Modernisme ou progrès, il faut choisir
« Il faut être absolument moderne », disait Rimbaud. Non ! Il faut savoir progresser ! La modernisation n’est pas synonyme de progrès. Quant à la modernité, elle est surtout une manière se s’afficher. Elle se veut révolutionnaire, veut faire table rase (« liquidons ! » l’héritage du passé). Elle se fiche de l’évolution des esprits, ce qu’elle veut c’est les révolutionner et les prendre de vitesse. La modernité scandalise et prétend abolir les tabous. Mais elle ne touche pas au dogme et aux situations établies ; elle les renforce ! Le modernisme fait l’éloge de la vitesse, de l’efficacité, du rendement, de l’évaluation par l’argent.

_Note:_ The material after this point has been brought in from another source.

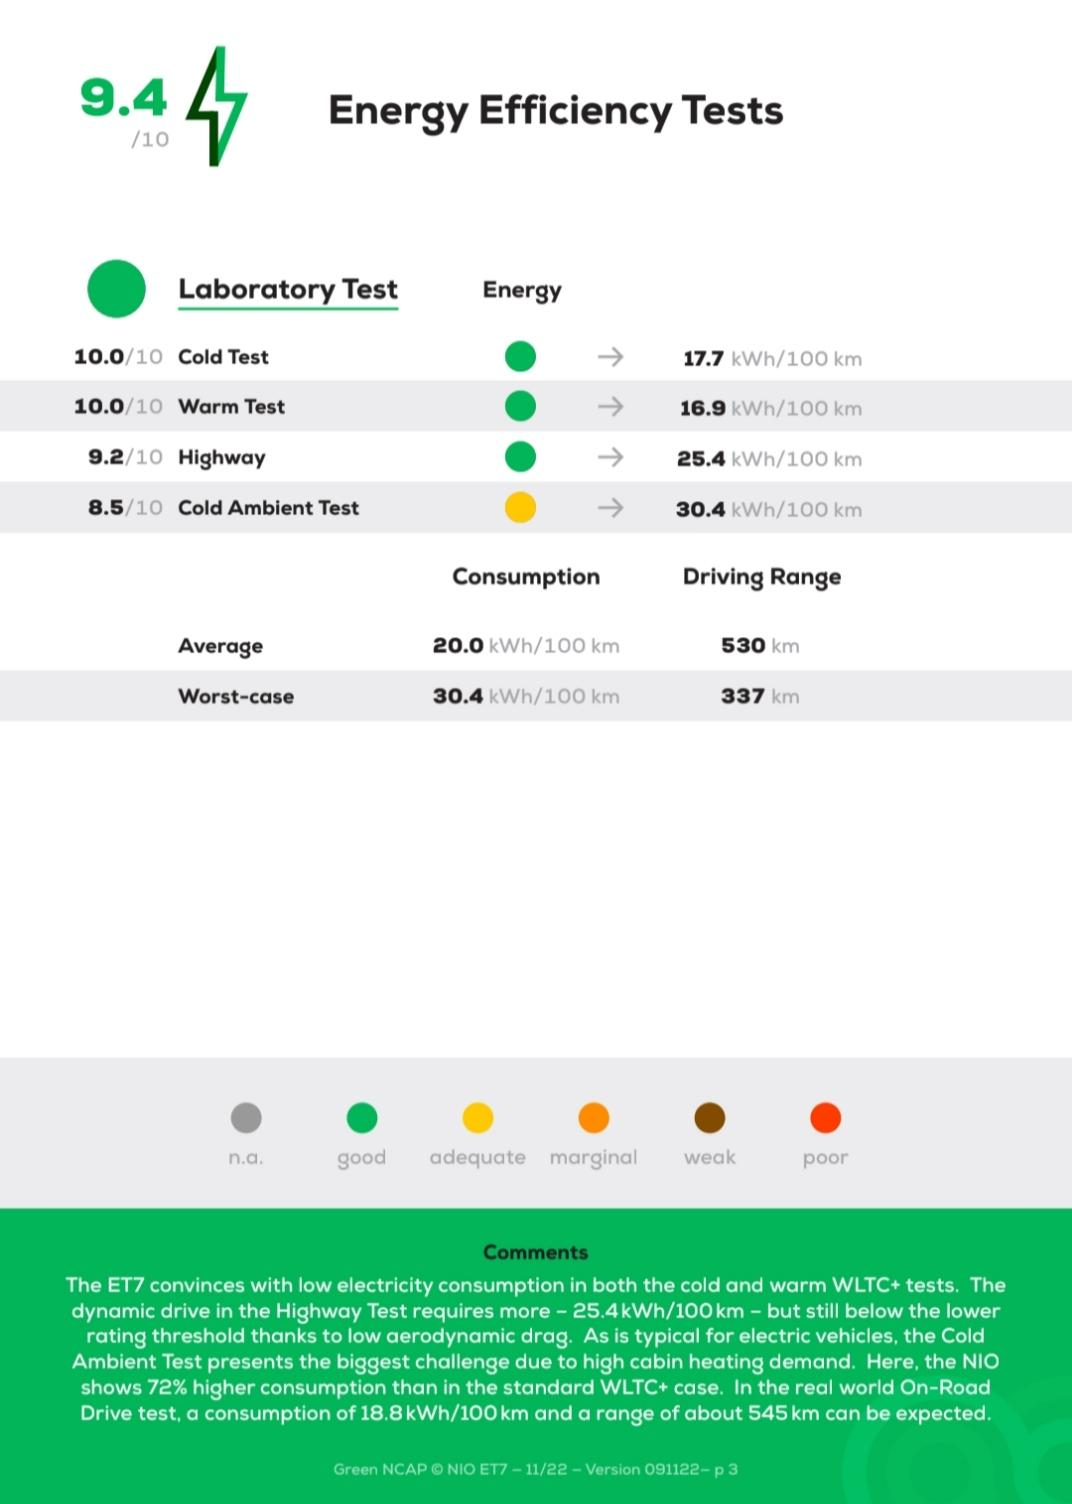 NIO Energy effeciency Test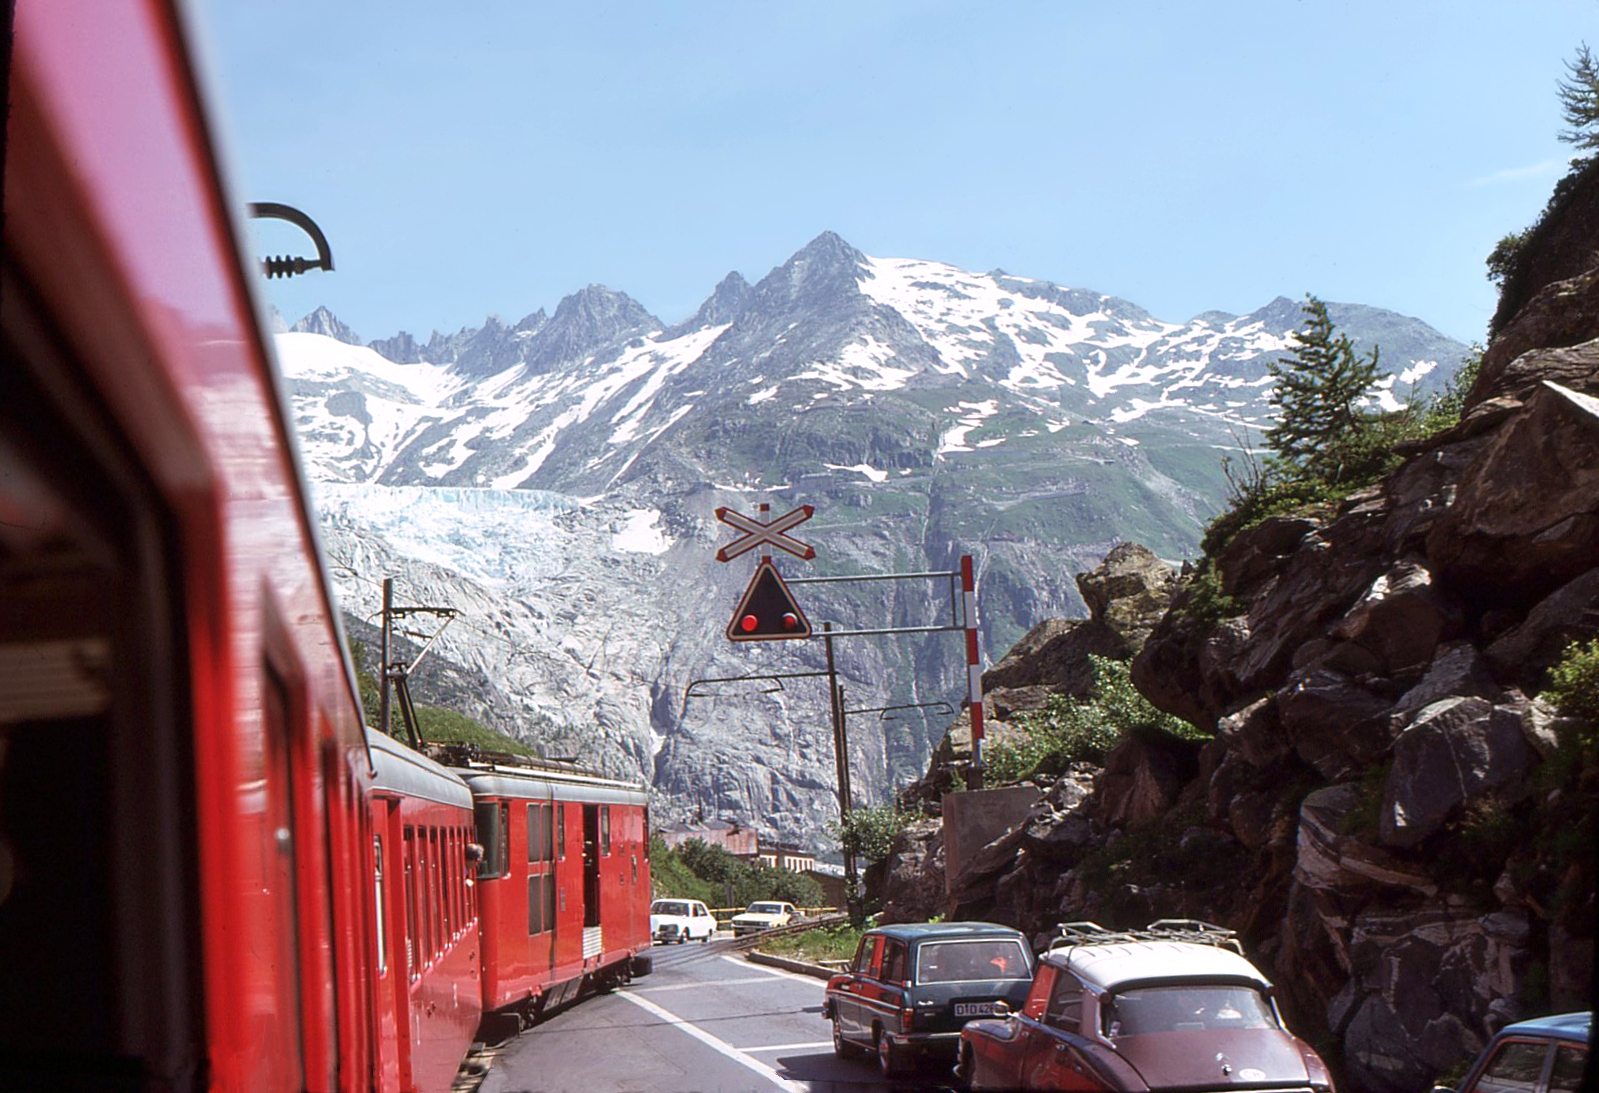 Matterhorn-Gotthard-Bahn - damals war der Gletscher (Rhonegletscher) noch zu sehen, als der Regelzug (allerdings nur im Sommer) die Bergstrecke über die Furka noch befuhr. Im Bild Gletsch, mit Triebwagen Deh4/4 I 53. 28. Juli 1975. Da machte es noch Sinn, vom  Glacier Express  zu sprechen. Heute hat sich leider der Gletscher so weit zurückgezogen, dass er auch aus der Dampfbahn Furka Bergstrecke nicht mehr zu erkennen ist.

Négocier pour obtenir des résultats rapides et spectaculaires, c’est être moderne. Le président Sarkozy a précipité la libération des otages bulgares et du médecin palestinien par cette méthode, tandis que les négociations européennes progressaient et auraient permis d’atteindre le même but. Une réforme va sortir qui prévoit la modernisation de l’Etat. Il ne s’agit pas là non plus d’un progrès, mais d’un recul. C’est quoi d’autre être moderne ? C’est parler au peuple avec le" parler vrai", maîtriser les moyens de communication, se mettre en scène dans les médias. Etre moderne, c’est penser argent, c’est compter, amasser. Or, si avancer, c’est progresser, amasser n’est pas avancer.
Le président Sarkozy a un problème avec la notion de dette : la dette financière - colossale - de l’Etat, et la dette morale de la France pour laquelle il ne permet nulle excuse. Etre moderne, c’est s’exonérer de ses obligations envers la dette et les générations futures. Seul compte le présent : le passé c’est dépassé. L’avenir, nous pouvons l’hypothéquer pour mieux jouir aujourd’hui ! Alors que progresser serait regarder en face les dettes, et tenir un comportement responsable. Il consentira à s’excuser des fautes de la France auprès des puissants (les Etats-Unis) ou ceux qui ont rendus des services à l’Etat (Harkis). Les autres, ceux qui ont perdu familles et biens, ceux-là ne comptent pas. Bref ! Si Sarkozy a un problème avec l’idée de dette, il n’en a, en revanche, aucun avec la pratique de l’échange de services. Il est moderne...
Le modernisme ne peut envisager le long terme ; il se repaît exclusivement de l’immédiateté. La recherche du profit et de la satisfaction immédiate en sont les signes les plus marquants.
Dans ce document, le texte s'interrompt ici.